When Texas meets Oklahoma at Fair Park, 12 months of built-up hostility between the Longhorns and Sooners crosses the Red River and joins at midfield.
Usually, the surging red-stained boundary forces a divide between the two states. There is no such natural boundary at the Cotton Bowl. While just inches separate the crimson and the burnt orange, the north and the south, the Sooners and the Longhorns, the barrier between the two could not be more stark.
The south half of the stadium has always played host, ironically, to Oklahoma. Texas’ home is the north half. The Longhorns have had the opportunity to alternate sides to the south each year. They’ve never taken it.
The bleachers that rise from the 50-yard line are where the two cohorts of supporters have met for each of the 87 times these two schools have played here. A lot has happened since that first meeting at Fair Park, a 21-0 Texas victory.

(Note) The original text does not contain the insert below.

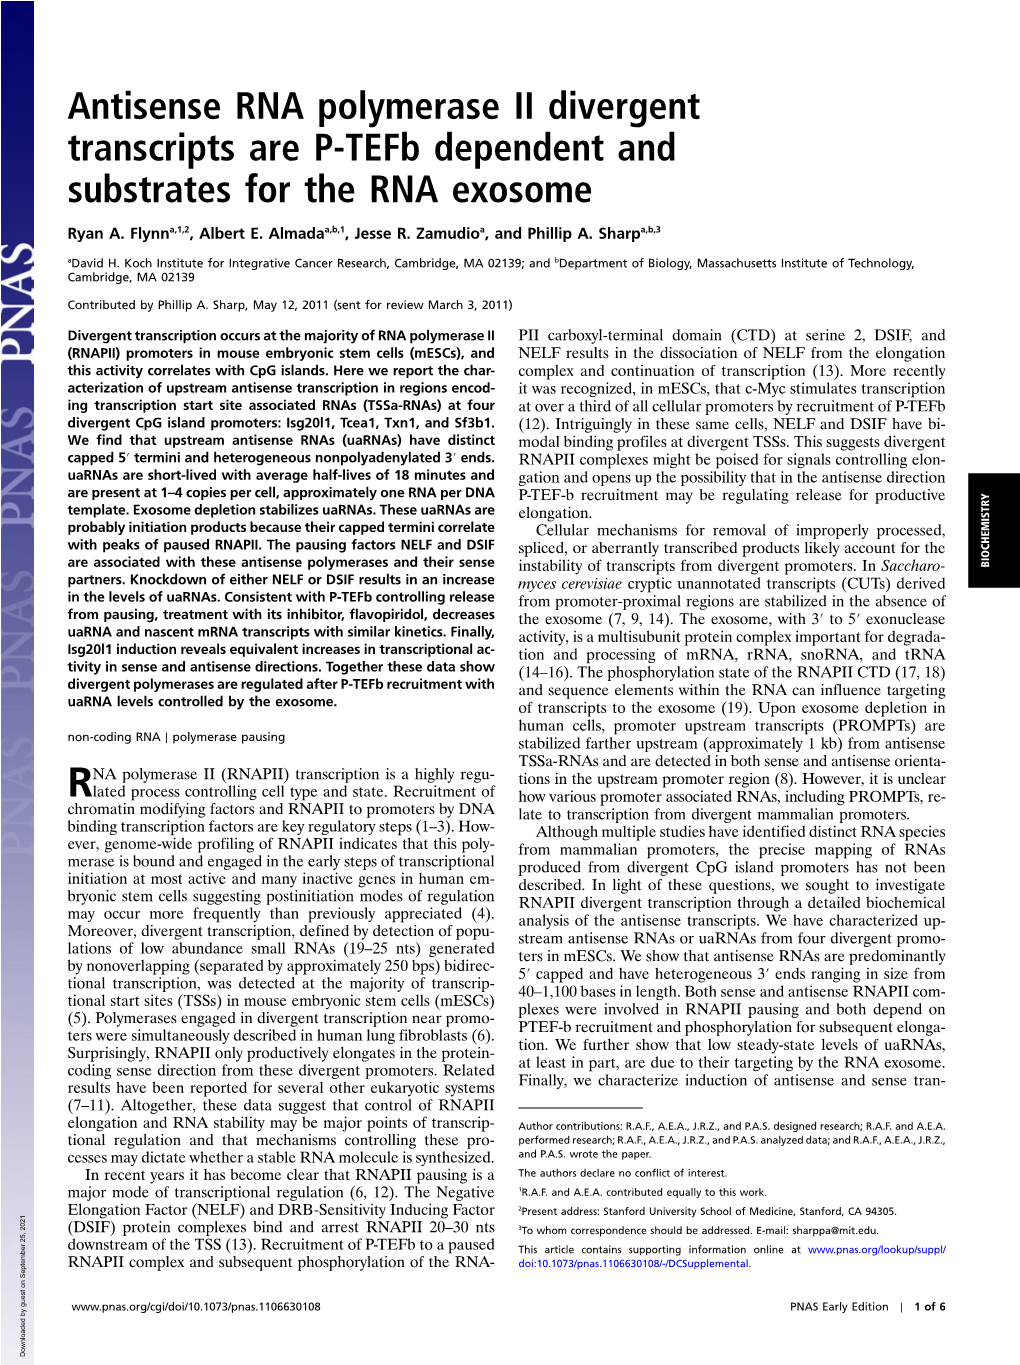 Antisense RNA Polymerase II Divergent Transcripts Are P-Tefb Dependent and Substrates for the RNA Exosome

Texas has won 48 of those clashes, and now, Oklahoma has won 39. Ten Longhorn head coaches have come and gone, as have 15 Sooners. Hundreds of players on each side have passed through this storied stadium. The Cotton Bowl itself has undergone renovations a number of times, most recently in 2013.
Longhorn graduate Greg Dickson watched Saturday’s matchup in the lower level on the 48-yard line. Dickson first attended the Rivalry game in the late 1960s as a student.
“It was just the first time I had been here,” Dickson said. “The noise, the rivalry, the excitement, it was just like it is today. … I’d never seen anything like that.”
Yet with all the changes, there’s one thing that has never changed. It’s burnt orange in the north, crimson in the south, and chaos where they meet.
Of course, proximity provides the opportunity for animosity. That showed before the game, when players from each team jawed at each other in the tunnel and were flagged for unsportsmanlike conduct for an altercation in the middle of the field.
As the Oklahoma band took the field (yes, the band), jeers rang through the north section of the 50-yard line seats. “High school band!” one fan yelled.
Later on, senior defensive lineman Malcolm Roach was flagged for targeting, and expletives were traded between the fan bases.
“When you do get in rivalry games like this, your emotions are going to be at an all-time high,” Texas head coach Tom Herman said.
In the 2019 edition of the rivalry the Sooners held onto a 34-27 win. In a game that always has a flair for the dramatic, this year did not disappoint.
“Heck of a football game,” Oklahoma head coach Lincoln Riley said. “This game continues to live up to its billing as the best game in college football. … Great atmosphere again as always.”
But with this extra intensity that this game brings comes a level of respect only found between rivals. The Texas offense was stalling early, until freshman running back Roschon Johnson ripped off a 57-yard run down to the Texas 4-yard line that awoke a sleeping Texas crowd into a frenzy. The north side of the stadium erupted, and the south hunched into their seats.
Then, a spectator donned in Oklahoma gear, after his team had just given up the longest play of the game, said, “Man, I just love this game. There’s just nothing like it.”
He wasn’t entirely wrong. Army-Navy plays in Philadelphia, but every other major collegiate rivalry is played as a home and home. There are few other places that present the midfield juxtaposition found at the Cotton Bowl. At the 50-yard line, with the dichotomy between the two schools on full display, the divide created by the Red River some 75 miles north is never more clearly on display.